= The Press-Radio War =

The Press-Radio War in the United States lasted from 1933 to 1935. Newspaper publishers were concerned to maintain their own dominance of the news market in the face of the emerging radio networks. The Press induced the wire services to stop providing news bulletins to radio broadcasters, which then developed their own news-gathering facilities. In response the press launched political, economic and legal campaigns to prevent news being broadcast on radio, culminating in The Biltmore Agreement by which major networks were compelled to heavily restrict radio news coverage. However, broadcasters soon developed ways to subvert the terms of this agreement, including the use of newly established news agencies such as the Transradio Press Service.

==Background==
News was destined to become one of radio's strongest services in the early 1930s, but it still had its struggles. At first, radio announcers would just read newspaper headlines over the air, but gradually networks began purchasing news from wire services. In 1932 the Associated Press sold presidential election bulletins to the networks, and programs were interrupted with news flashes. Newspapers objected to this on the grounds that news on radio would diminish the sale of papers.

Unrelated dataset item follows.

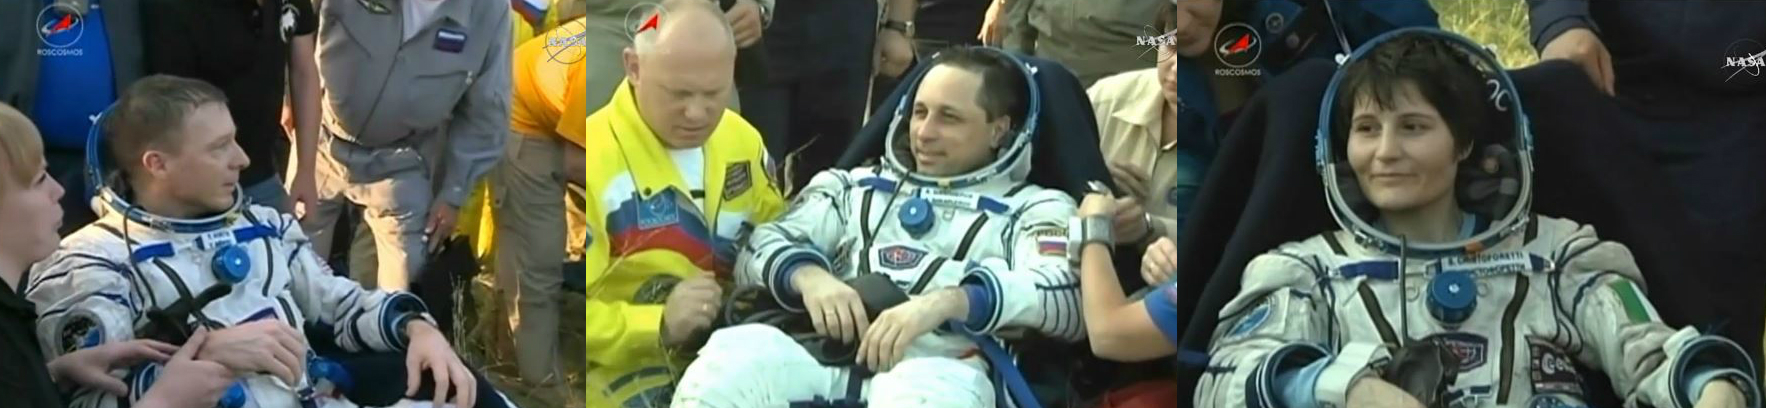 ISS Expedition 43 returns to Earth

==The three stages of the Press-Radio War==

===Start of conflict===
Stage one began very slowly, and the newspapers were not at all hostile toward broadcasting. In fact, they were helpful in promoting radio in the early 1920s. Initially, the stations were not seen as channels of news delivery, but as promotional devices for the newspapers that owned them. The prospect of wire service provision of news to radio upset some print journalists, and that led to the Associated Press issuing a notice to its members that AP news bulletins were not to be used for purposes of broadcasting. One event that led to conflict between the journalists was the 1924 Presidential Election.

===Wire services===
Stage two, the entry of radio as a new medium was horrifying to the established news distribution source. Prior to radio news moved through wire services, through the newspapers to the people. The press started to fear that if radio started to provide news, then news could bypass the newspapers, thus shifting the flow of news throughout society. This started a fight for self-preservation on the part of newspapers, which could only be won if all journalists stood together. In April 1933 all three wire services agreed to stop providing radio with news bulletins. The anti-radio forces had finally gotten their wish. Broadcasters were now forced to find new ways of obtaining bulletins for their newscasts, and by the fall of 1933 CBS established a full news division, NBC followed on a smaller scale and the networks were more independent from print journalists for their news bulletins.

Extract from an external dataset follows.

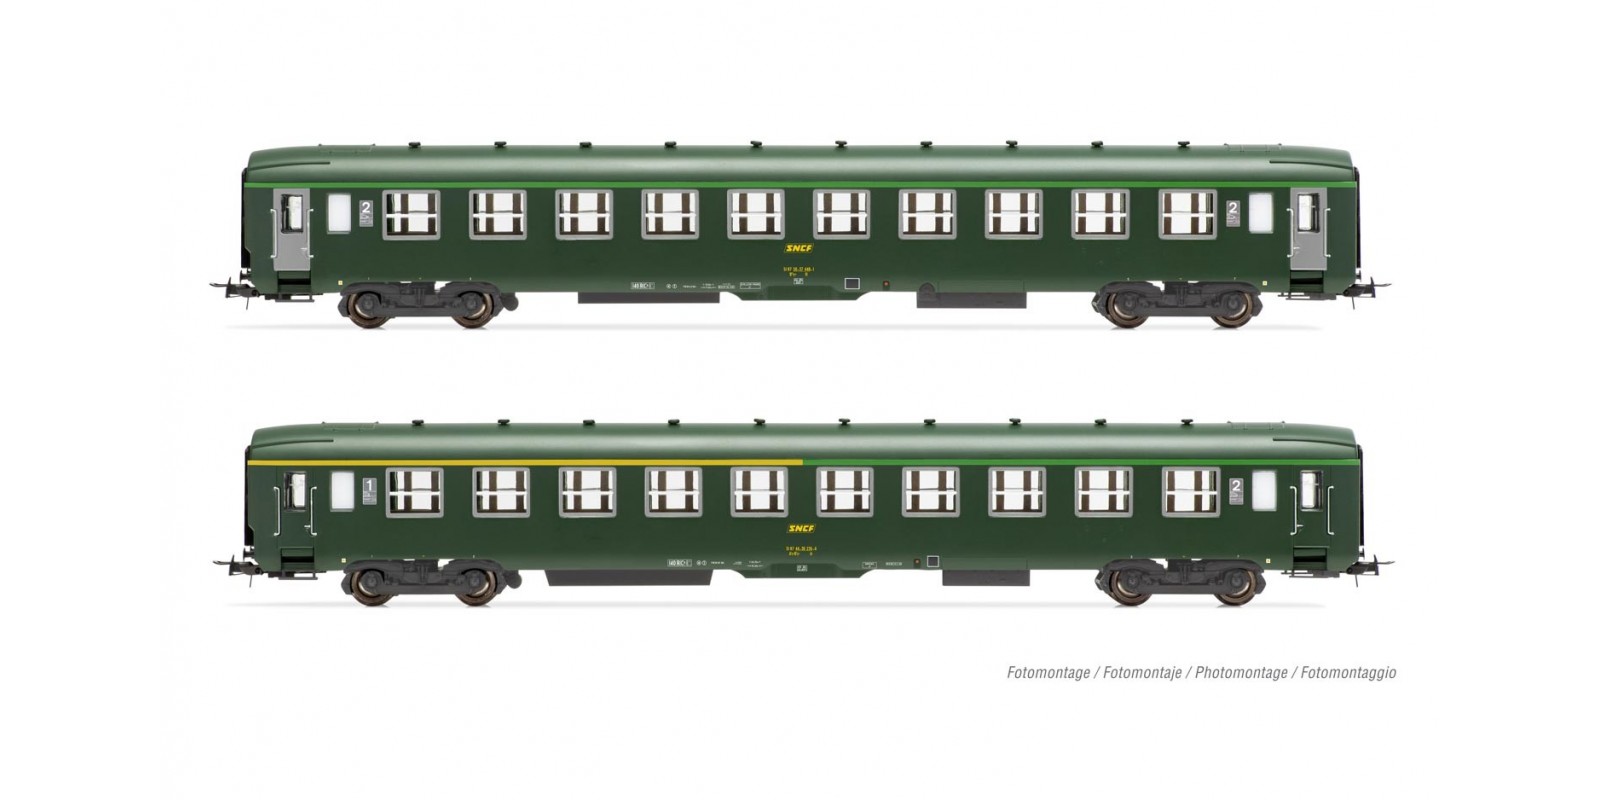 JO4147 SNCF, 2-unit pack DEV AO, A4c4B5c5 + B10c10 (with grey doors), green livery, period IV

===The Biltmore Agreement and its failure===
Stage three, print journalists had to find ways to prevent and limit the development of broadcasting. The "attack" on broadcasting took three forms, political lobbying, economic boycott, and legal action. At first it worked, only a few months after networks began broadcasting their own news, they appealed to the press to meet and negotiate a "peace agreement".

A meeting of newspaper publishers, network executives, and wire service representatives, held at the Biltmore Hotel in New York City in 1933, established the Biltmore Agreement. The meeting was called by CBS President William S. Paley with the purpose to end the long standing dispute as to news broadcasting. It stipulated that networks could air two five-minute newscasts a day, one in the morning after 9:30 A.M. and one in the evening after 9:00 p.m. so they would not compete with the primary hours of newspaper sales. No "hot off the wire" news was to be broadcast, and newscasts were not to have advertising support because this might detract from newspaper advertising. Newspaper publishers ensured that these provisions appeared in the Biltmore Agreement because they were the more powerful and wealthiest of the meeting participants.

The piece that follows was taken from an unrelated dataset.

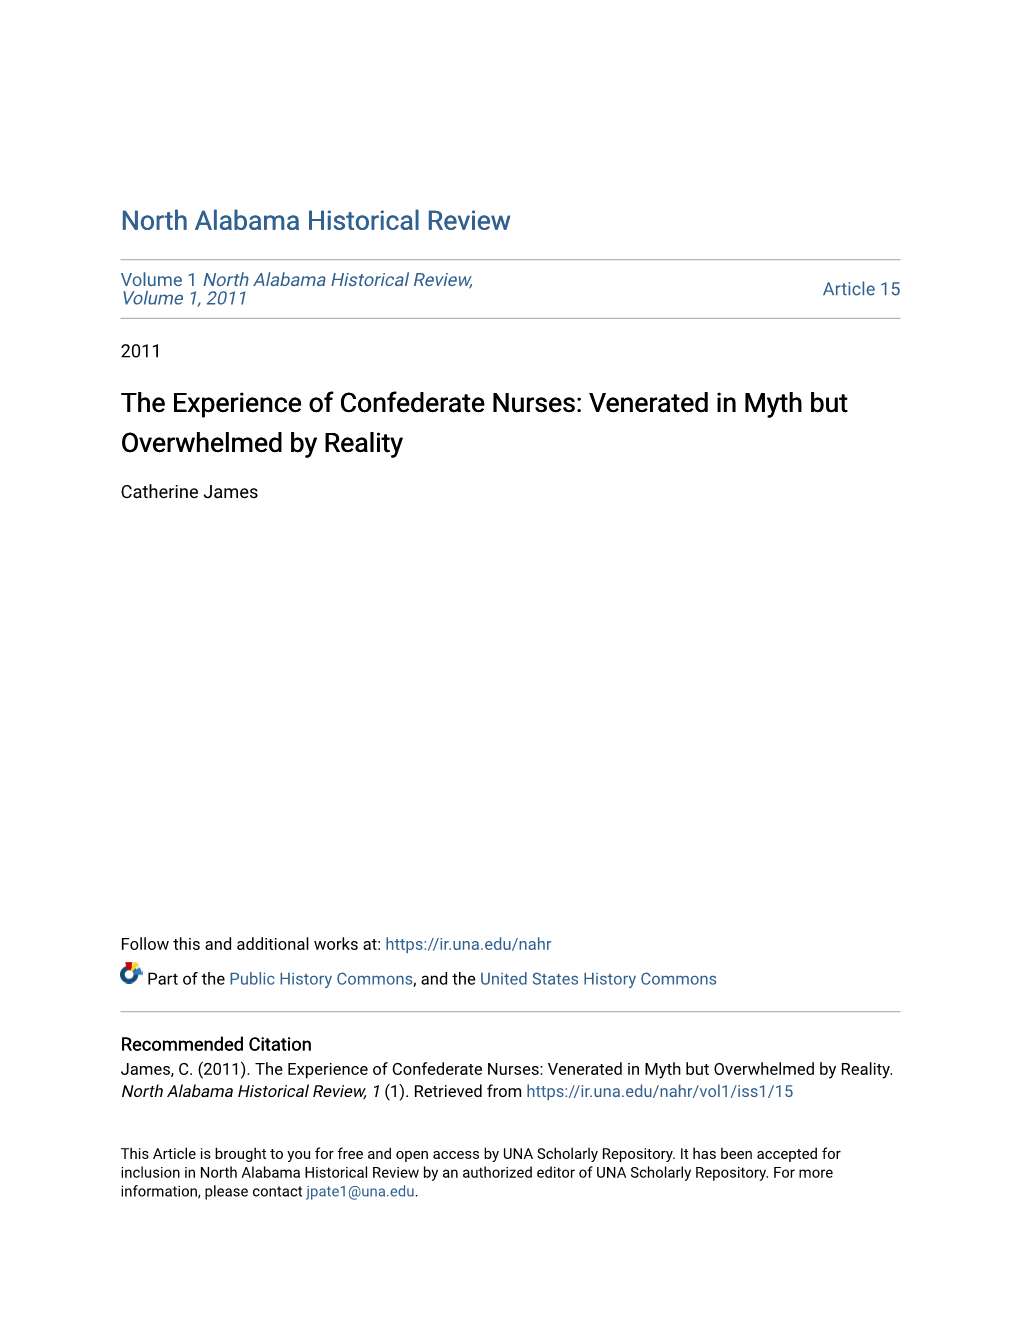 The Experience of Confederate Nurses: Venerated in Myth but Overwhelmed by Reality

The deal had barely been a few hours old when its intent began to be subverted. The newspaper publishers agreed to allow radio stations and networks to have commentators. Radio took advantage of this provision, and often these commentators became thinly disguised news reporters. NBC and CBS began their own news gathering activities. At NBC, one person gathered news simply by making telephone calls. Sometimes he scooped newspaper reporters because almost anyone would answer a call at NBC. In addition, he could reward news sources with highly prized tickets to NBC's top shows.

Independent broadcasters did not sign the agreement, leaving a big problem for the press, because only 150 of the 600 radio stations were network owned. Before long, news gathering agencies emerged to fill the vacancy of news sources. The most successful of these agencies was the Transradio Press Service, which had over 150 subscribers after only 9 months of operation. There was nothing the press could do and no legal justification for taking action against the agencies.

==Conclusion==
Broadcast journalism did not develop until the mid 1930s. Relationships between the older print media and the newer medium of radio were not friendly, and the journalists of the time needed considerable diplomatic skills in dealing with the wire services and their own employers. Disputes between the two media again came to a head in 1938, when newspapers deliberately exaggerated the impact of the CBS radio drama adaptation of The War of the Worlds to make it appear that the little-heard program had caused a mass panic among listeners that thought CBS was reporting an actual foreign invasion, a myth that its lead actor Orson Welles later embraced.

By the beginning of the next decade the effectiveness and reliability of broadcast journalism was confirmed by the coverage of World War II.